Operating Expenses. Operating expenses for the three and six months ended June 30, 2009 decreased by $202 million or 25% and $340 million or 18%, respectively, compared to the same periods in 2008. The decreases were driven primarily by:
• the effects of a weaker Canadian dollar at Western Canada Transmission & Processing and Distribution,
• lower prices of natural gas purchased for the Empress facility, and
• lower project development costs at U.S. Transmission.
Gains on Sales of Other Assets and Other, net. Gains on sales of other assets and other, net for the three and six months ended June 30, 2009 decreased $32 million and $22 million, respectively, compared to the same periods in 2008. The decreases were primarily due to a 2008 second quarter customer bankruptcy settlement.
Operating Income. Operating income for the three and six months ended June 30, 2009 decreased by $26 million, or 8%, and $94 million, or 11%, respectively, compared to the same periods in 2008 primarily due to lower NGL product prices associated with the Empress operations at Western Canada Transmission & Processing, a weaker Canadian dollar and a 2008 customer bankruptcy settlement at U.S. Transmission, partially offset by higher storage and transportation revenues at Distribution.
Other Income and Expenses. Other income and expenses for the three and six months ended June 30, 2009 decreased by $199 million, or 79%, and $243 million, or 51%, respectively, compared to the same periods in 2008. The decreases were attributable to lower equity in earnings from Field Services, reflecting primarily lower commodity prices, partially offset by a gain recognized in the first quarter of 2009 associated with partnership units previously issued by DCP Partners.

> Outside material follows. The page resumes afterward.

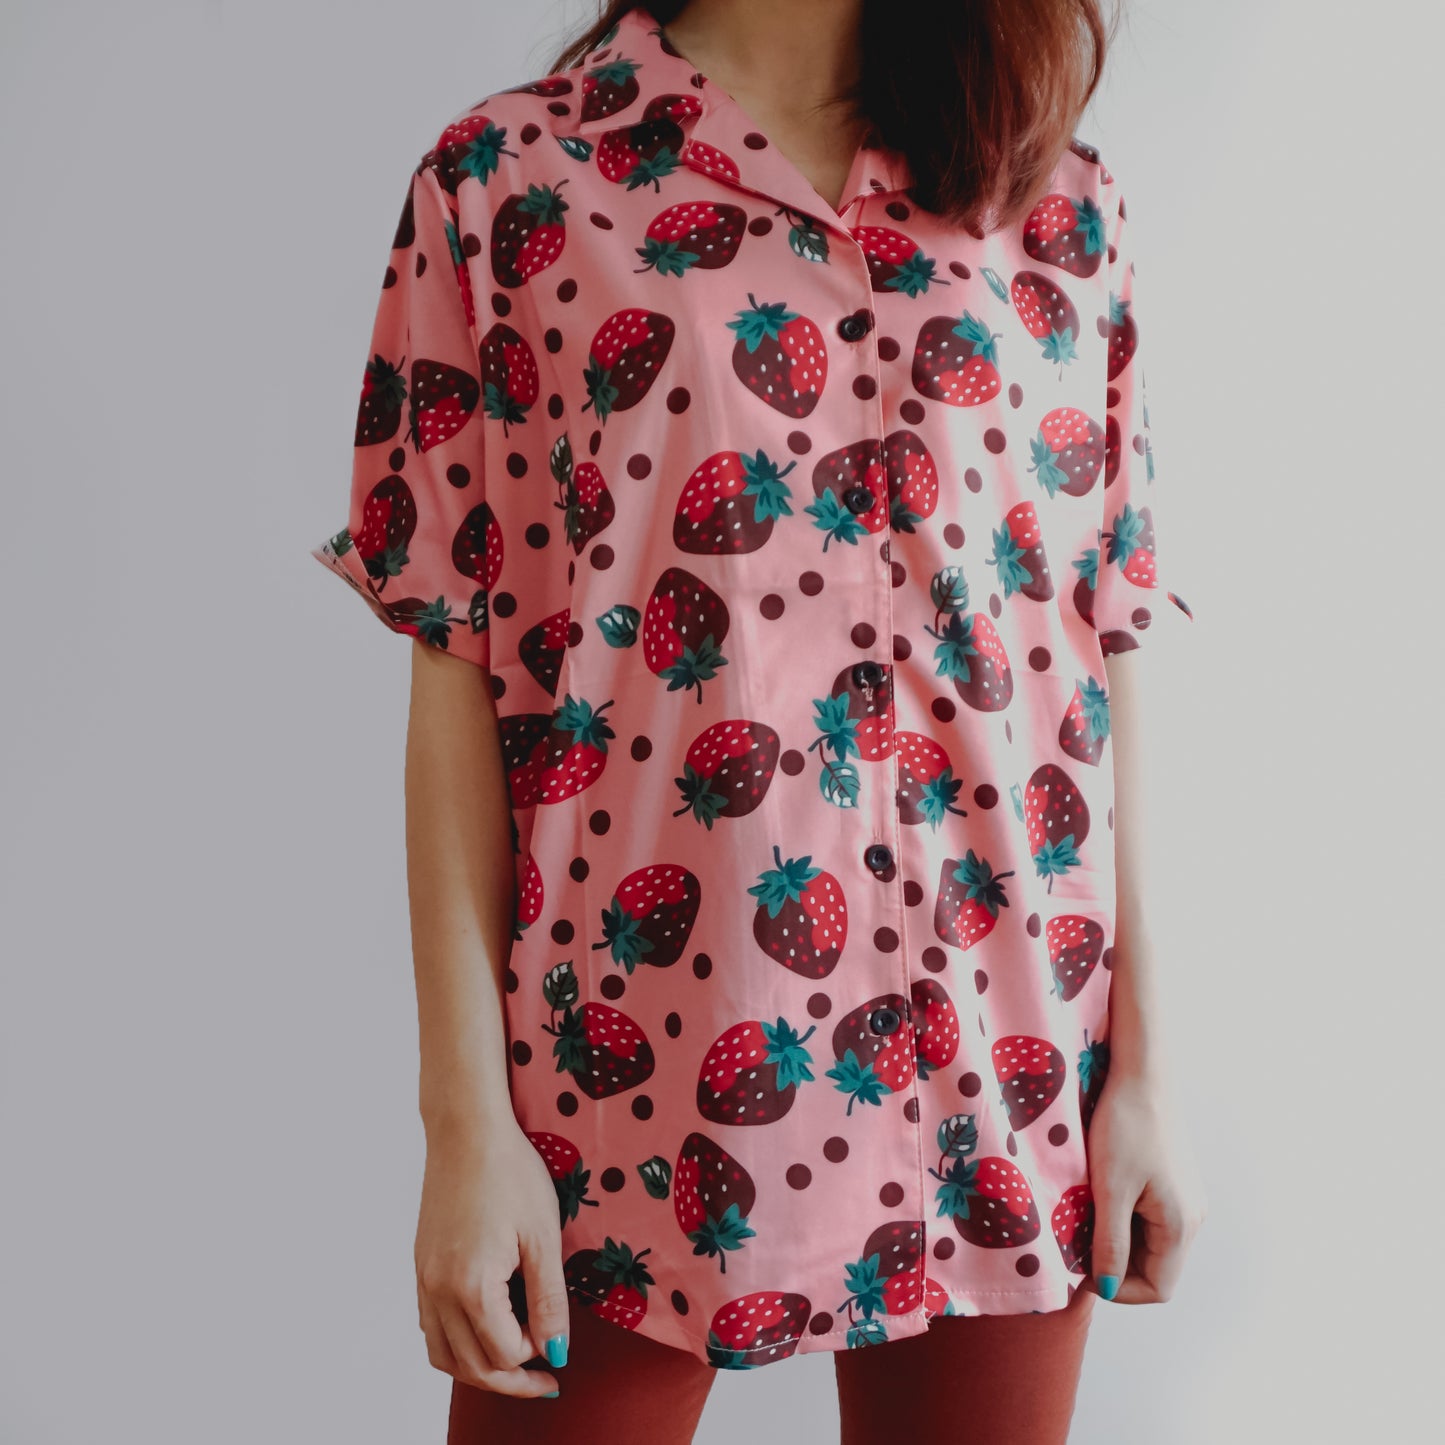 Strawberry Button Up Shirt (Pink)

Income Tax Expense from Continuing Operations. Income tax expense from continuing operations for the three and six months ended June 30, 2009 decreased by $69 million and $102 million, respectively, compared to the same periods in 2008 as a result of decreased earnings from continuing operations. For the three months ended June 30, 2009, the effective tax rate was 29.8% compared to 30.4% for the same period in 2008. The effective tax rate for the six months ended June 30, 2009 was 30.5% compared to 30.7% in the same period in 2008.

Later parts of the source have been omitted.